On the 3rd January 1924 Howard Carter discovered the tomb of the young Pharaoh, Tutankhamen. Whilst the most well-known mummies are those discovered in Egypt, however, they aren’t the only ones in existence, as many civilisations across the globe have been found to preserve bodies in the same way. Indeed, although many mummies were artificially mummified, mummification can occur by accident in environments where a dry climate with extreme temperatures causes it to happen naturally. With this in mind, let’s take a look at some of the most interesting mummy discoveries outside of Egypt.
Discovered in a few Buddhist temples in northern Japan, Sokushinbutsu, or living mummies, were Buddhist monks who undertook the challenge of mummifying themselves in the quest for nirvana, the final goal of Buddhism. The process was incredibly long and gruelling, consisting of three distinct steps. Step one involved eating nothing but nuts and seeds for 1,000 days whilst engaging in a rigorous exercise regime to rid the body of fat. During step two, which lasted another 1,000 days, monks would eat only bark and roots in gradually decreasing amounts whilst drinking a tea made from the poisonous sap of the urushi tree, turning the body into a hostile environment where bacteria could not survive, allowing any flesh that remained to be preserved. After this, during the third step of the process, the monk would climb into an underground tomb with nothing but a bamboo pipe for air and a bell to ring to let others know that they were still alive. Here the monk would meditate until they died – made apparent by the absence of the sound of the bell. After another 1,000 days the monk was dug up, cleaned and, if the body was sufficiently preserved, declared a living mummy. Only a very small number of the monks who attempted self-mummification were successful and the process was outlawed by the Japanese government in the late 19th century.
When part of the cemetery of San Sebastian in Guanajuato, Mexico, was dug up in 1853, a discovery of over 100 mummies was found. The region’s dry air and high temperatures, together with the sulphur and mineral rich soil, prompted a natural mummification process of the bodies that had been buried in surface-level crypts there. The mummies were put on display at the Museo de las Momias de Guanajuato, where they can still be found today.

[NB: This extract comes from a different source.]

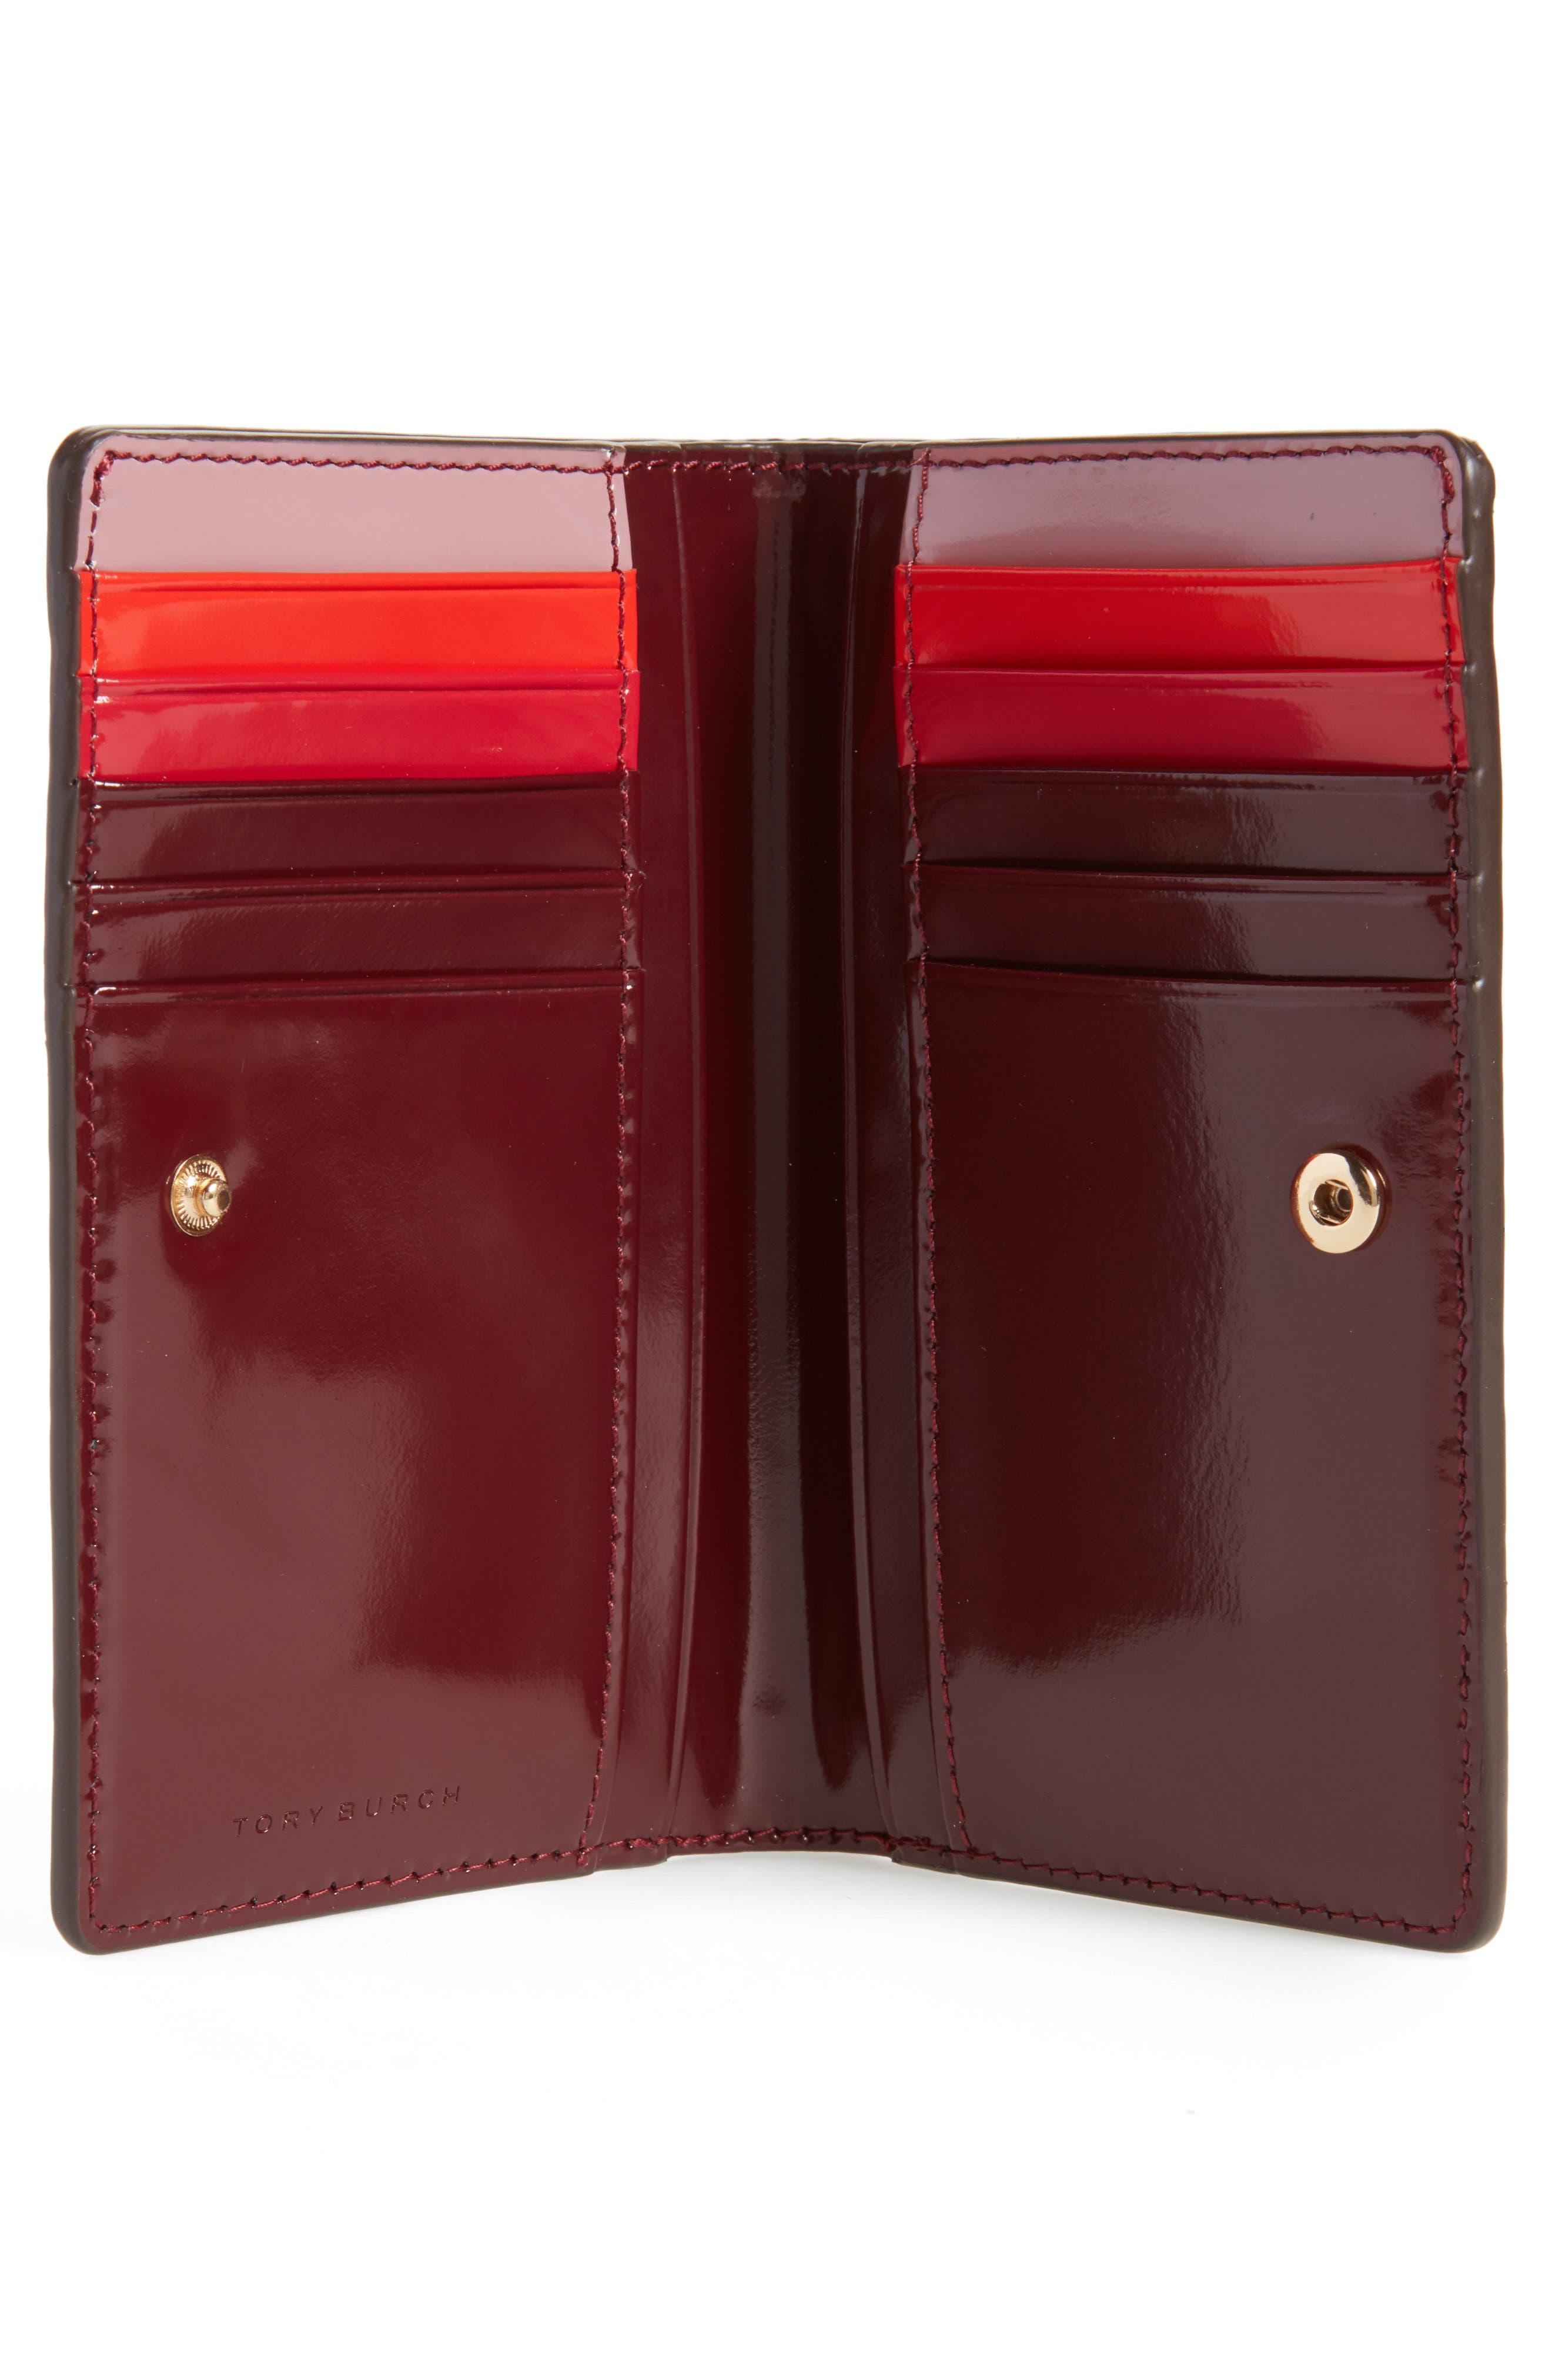 Medium McGraw Dachshund Slim Leather Wallet,                             Alternate thumbnail 2, color,                             600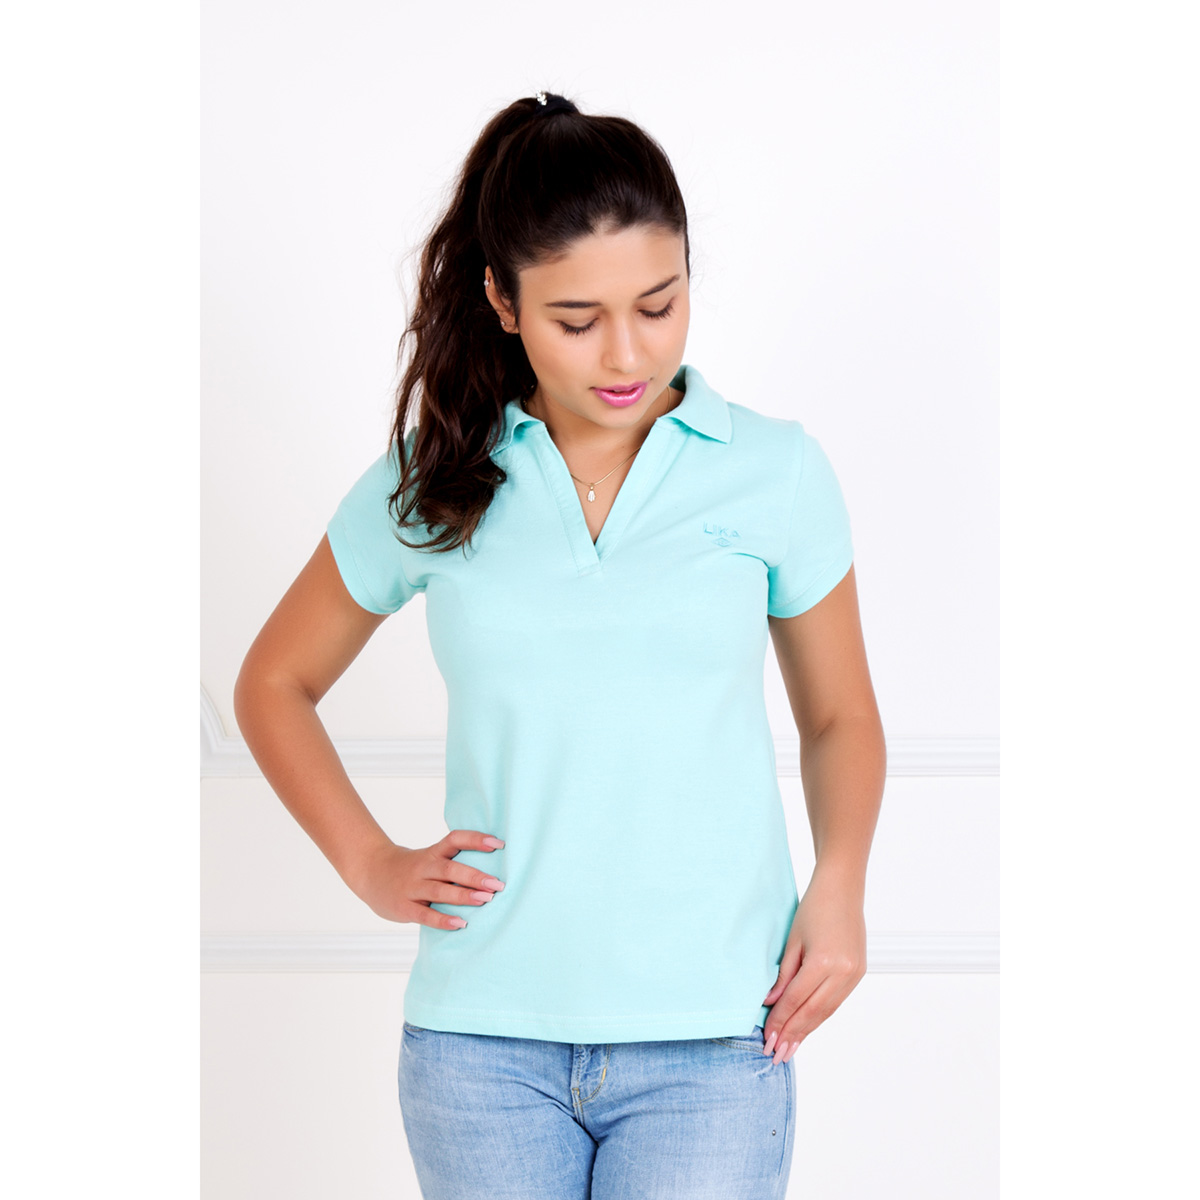 Женская футболка-поло Шерт Ментол, размер 48Блузки, майки, кофты<br>Обхват груди:96 см<br>Обхват талии:78 см<br>Обхват бедер:104 см<br>Рост:167 см<br><br>Тип: Жен. футболка<br>Размер: 48<br>Материал: Пике

The 500-year-old mummified body of a 6-month-old boy was discovered at the settlement of Qilakitsoq in West Greenland in 1972. It is thought that the boy was buried alive with his mother, who had already passed away, as there was nobody left to care for him. The mummified baby and his mother were found alongside another young boy and four women of varying ages – it is believed that the group were a family consisting of three sisters and their children as it was custom amongst Inuits from this region to be buried with their children so that they might enter the afterlife together. The family are the oldest preserved remains to ever have been found in the area and it’s likely that the extreme cold and dry air caused the natural mummification of this Inuit family.